By Godwin Oritse & Naomi Uzor

THE Federal Government of Nigeria and Nigerian Association of Chamber of Commerce, Industry, Mines and Agriculture, NICCIMA, yesterday, moved against the signing of the Economic Partnership Agreements, EPAs, between the European Union (EU) and Economic Community of West African States (ECOWAS) expressing reservations about some aspects of the agreements.

ECOWAS Parliament

Disclosing this at the Lagos Chamber of Commerce and Industries, LCCI, stakeholders’ forum, ECOWAS Director of Trade, Dr. Gbenga Obideyi, said that the Government of Nigeria has raised concerns on 14 issues in the EPAs.

Obideyi, who did not provide details, noted that, of the 16 ECOWAS countries, Mauritania, Gambia and Nigeria are the countries that have not rectified the EPAs.

Similarly, the President of the Nigerian Association of Chambers of Commerce, Industry, Mines and Agriculture, NACCIMA, Iyalode Alaba Lawson, said that the proposed partnership agreement by the EU through the ECOWAS, offers a ready market for Nigerian products.

Lawson, however, noted that the infrastructural deficit in the country must be tackled before the government could embrace the agreements.

“However, challenges facing the real sector, such as poor infrastructure, high interest rates and a devalued currency, make it difficult for the real sector to take advantage of the EPAs.

“It is therefore, the view of the association that the country’s infrastructure deficit needs to be improved upon considerably as this will in turn enhance the production capacity of the Organised Private Sector.
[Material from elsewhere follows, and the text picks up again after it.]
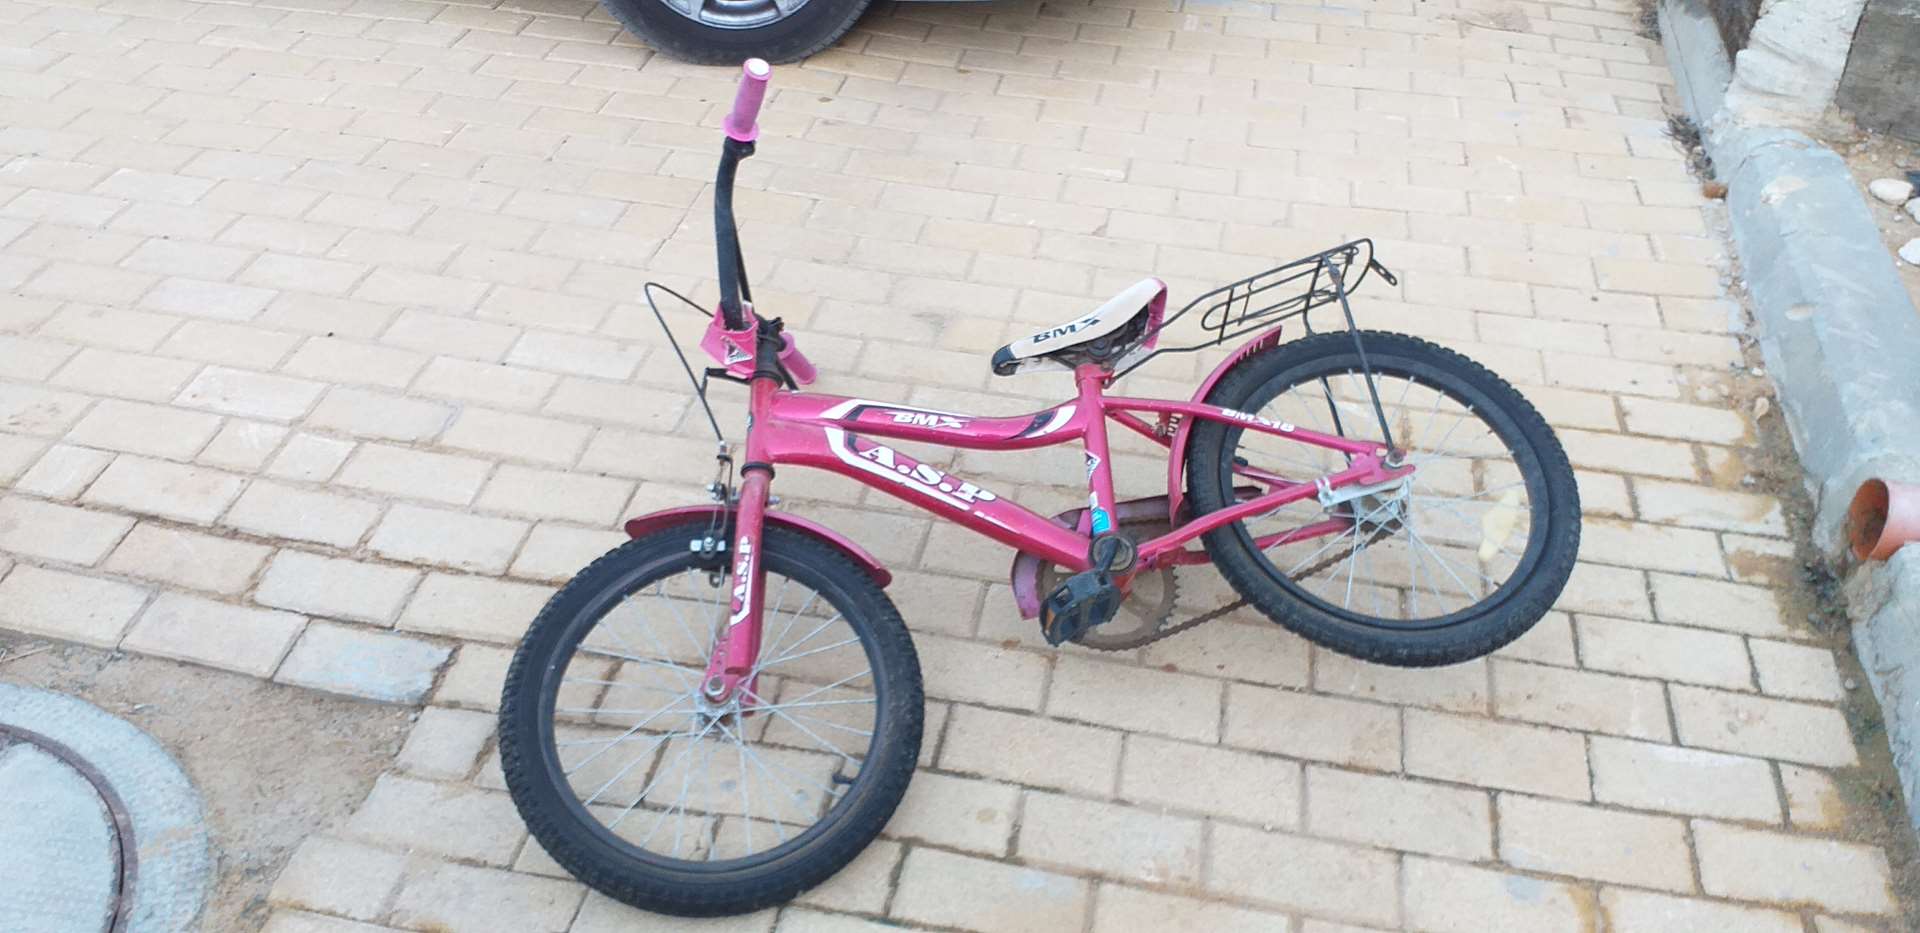 תמונה 1 ,2 זוגות אופני ילדים למכירה ברוחמה אופניים  אופני ילדים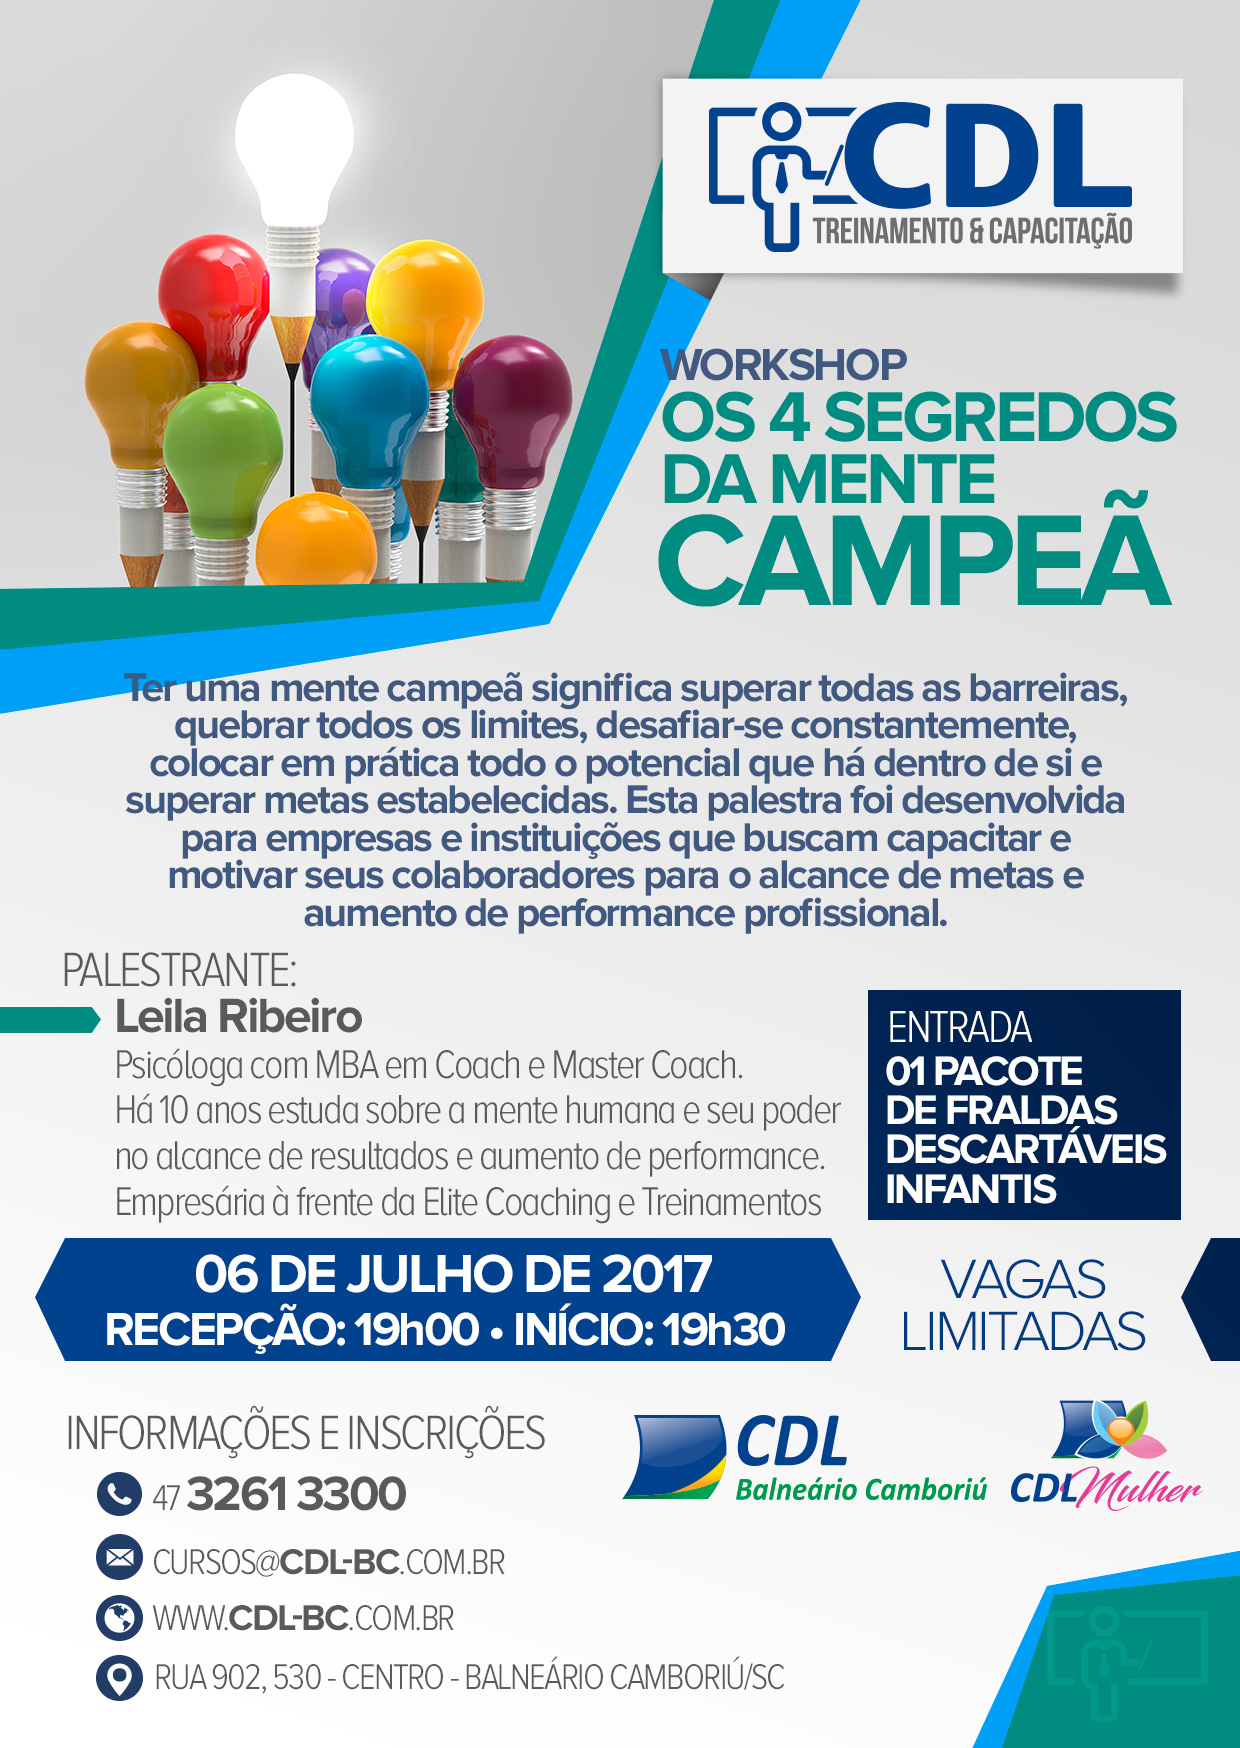 CDL Mulher promove workshop ‘“Os 4 Segredos da Mente Campeã’ com a psicóloga e master coach Leila Ribeiro

“So, the first concern for us at ECOWAS and member states is how to help manufacturers improve their production competitiveness and ensure increased influx of private investment into the ECOWAS region. Also, the ECOWAS Commissioner, Trade, Customs and Free Movement, Mr. Laouali Chaibou, said that,  it does not serve any purpose to have free access to EU market if the country continues to be exporters of primary products or barely processed products only.

“The second important instrument concerns the rules of origin which are essential for the viability of preference programmes as the EPA because these rules help to establish a technical distinction between goods which really originate from beneficiary countries and those which are not from these countries. If this distinction was not made, the preference programme would probably be gravely undermined.”